• **Available data**:
--- --- ---
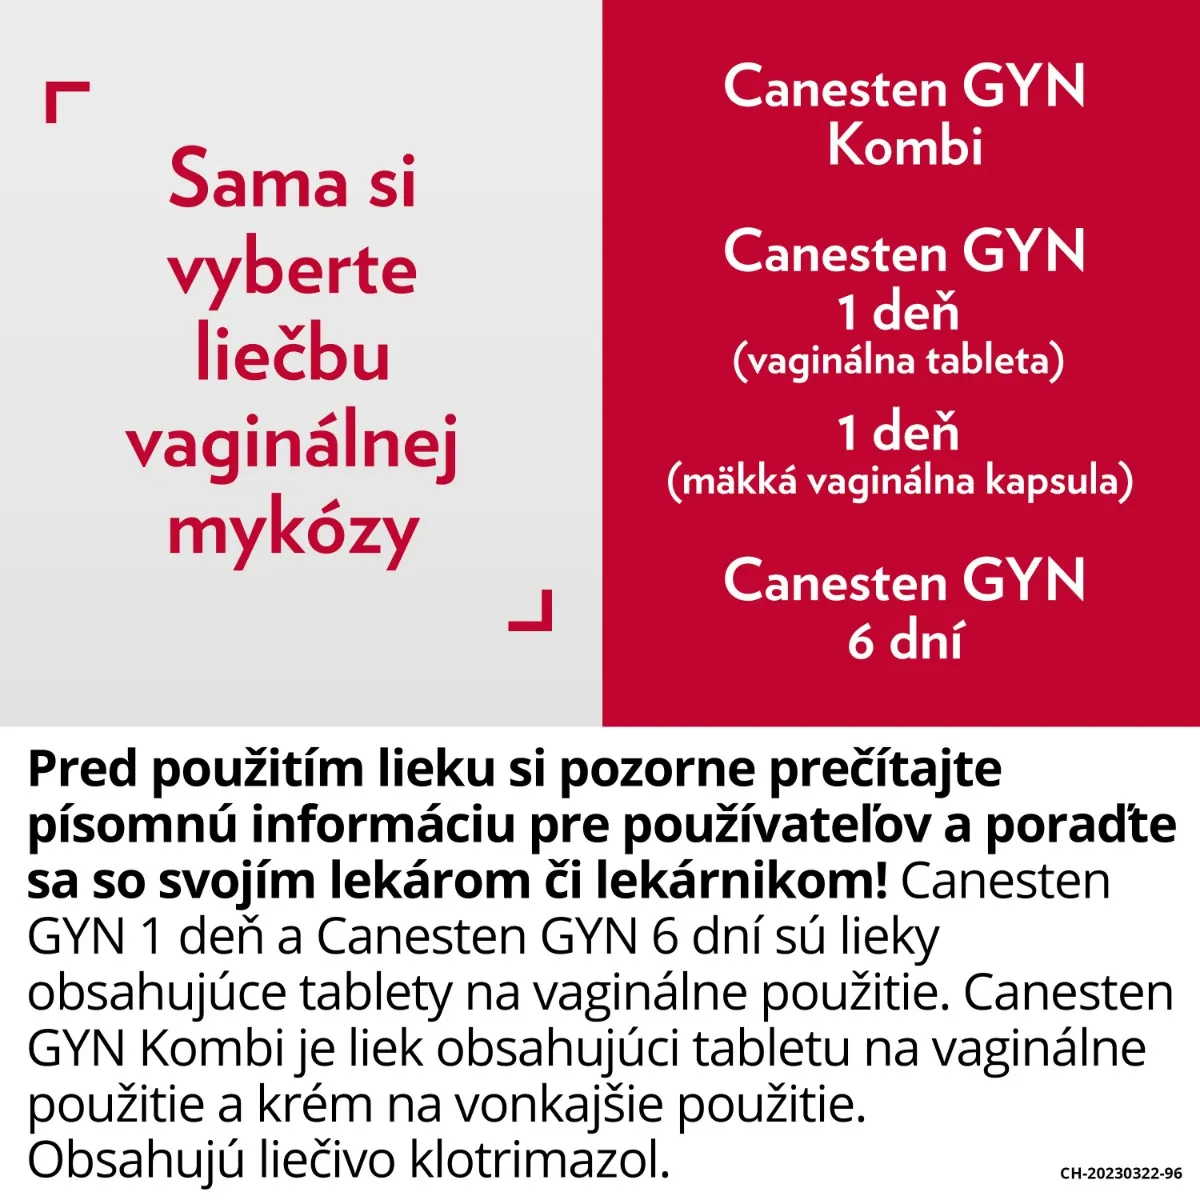 Canesten GYN 6 dní 1×6 tbl, liek na vaginálnu kvasinkovú infekciu
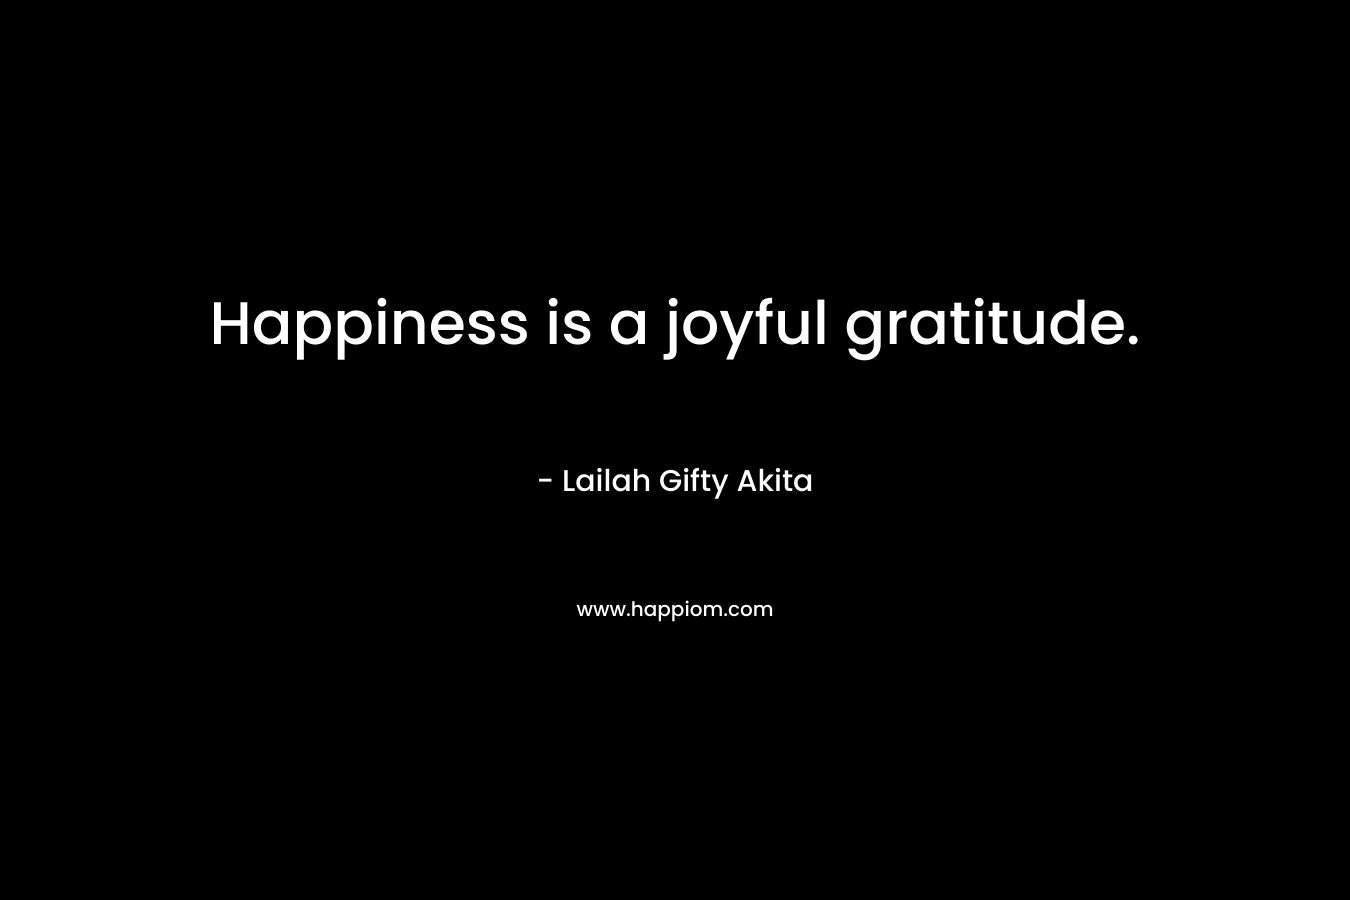 Happiness is a joyful gratitude.
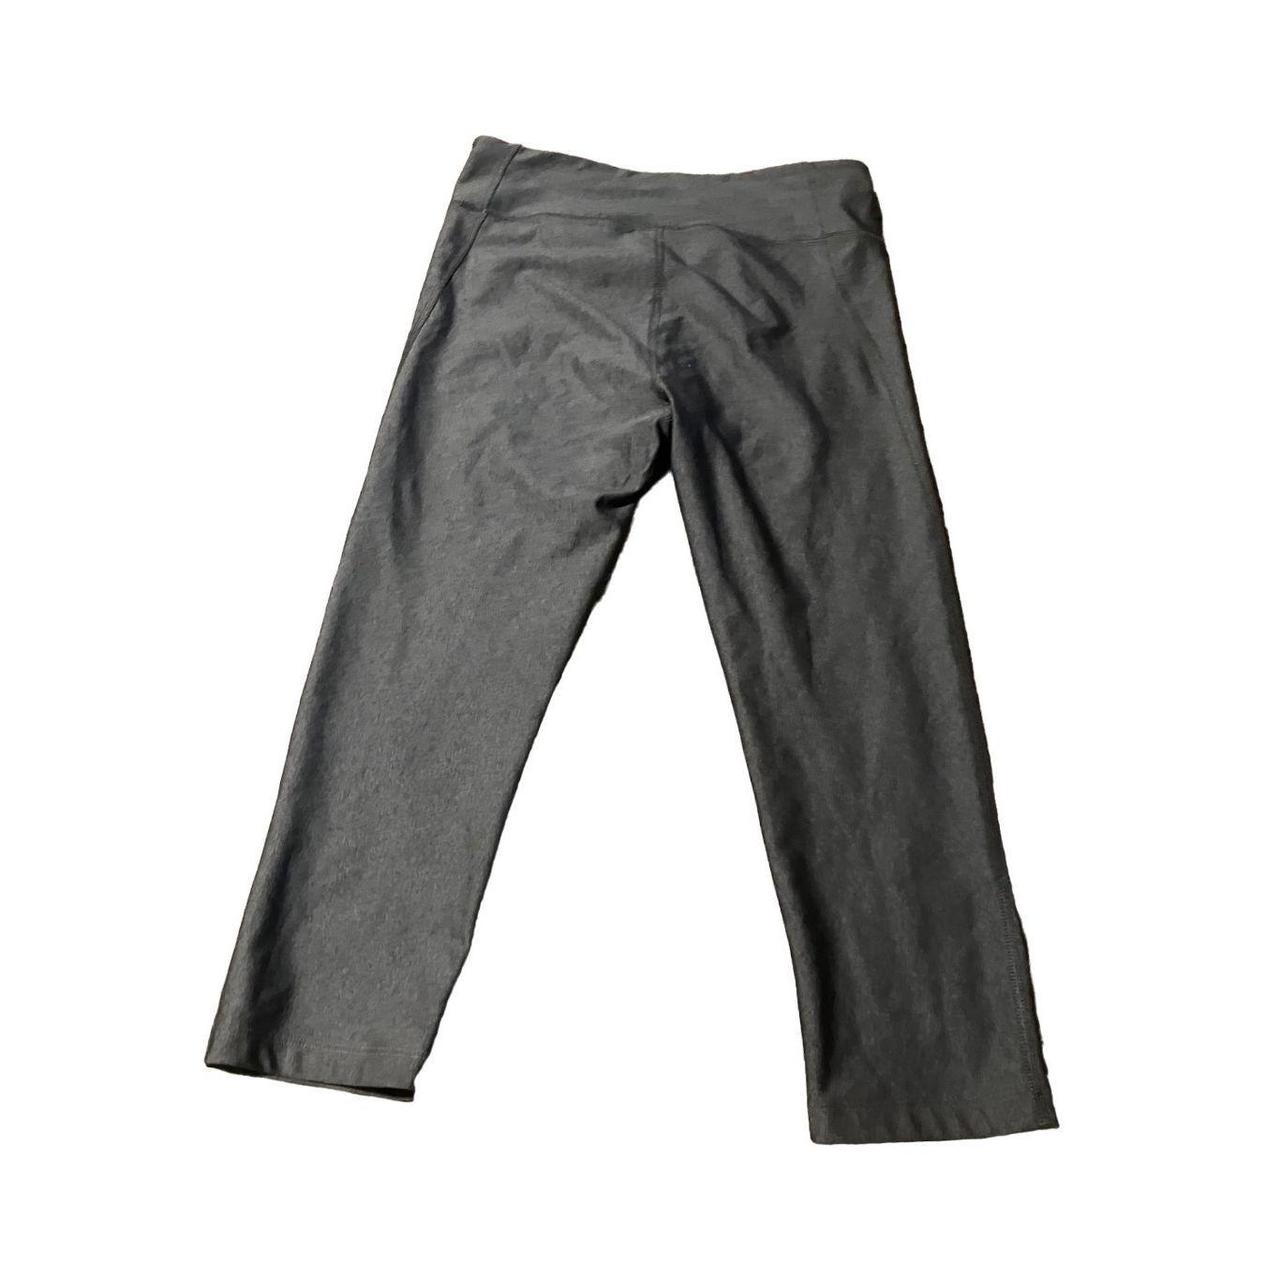 👽Under Armour grey compression leggings 👽Size - Depop
--- --- ---
• **Your assignment**: A verbatim copy of the material, pictures excluded, is what must be produced.

• **Answer for this exercise**:
 Canesten GYN 6 dní 1×6 tbl, liek na vaginálnu kvasinkovú infekciu
 Happiness is a joyful gratitude.
 👽Under Armour grey compression leggings 👽Size - Depop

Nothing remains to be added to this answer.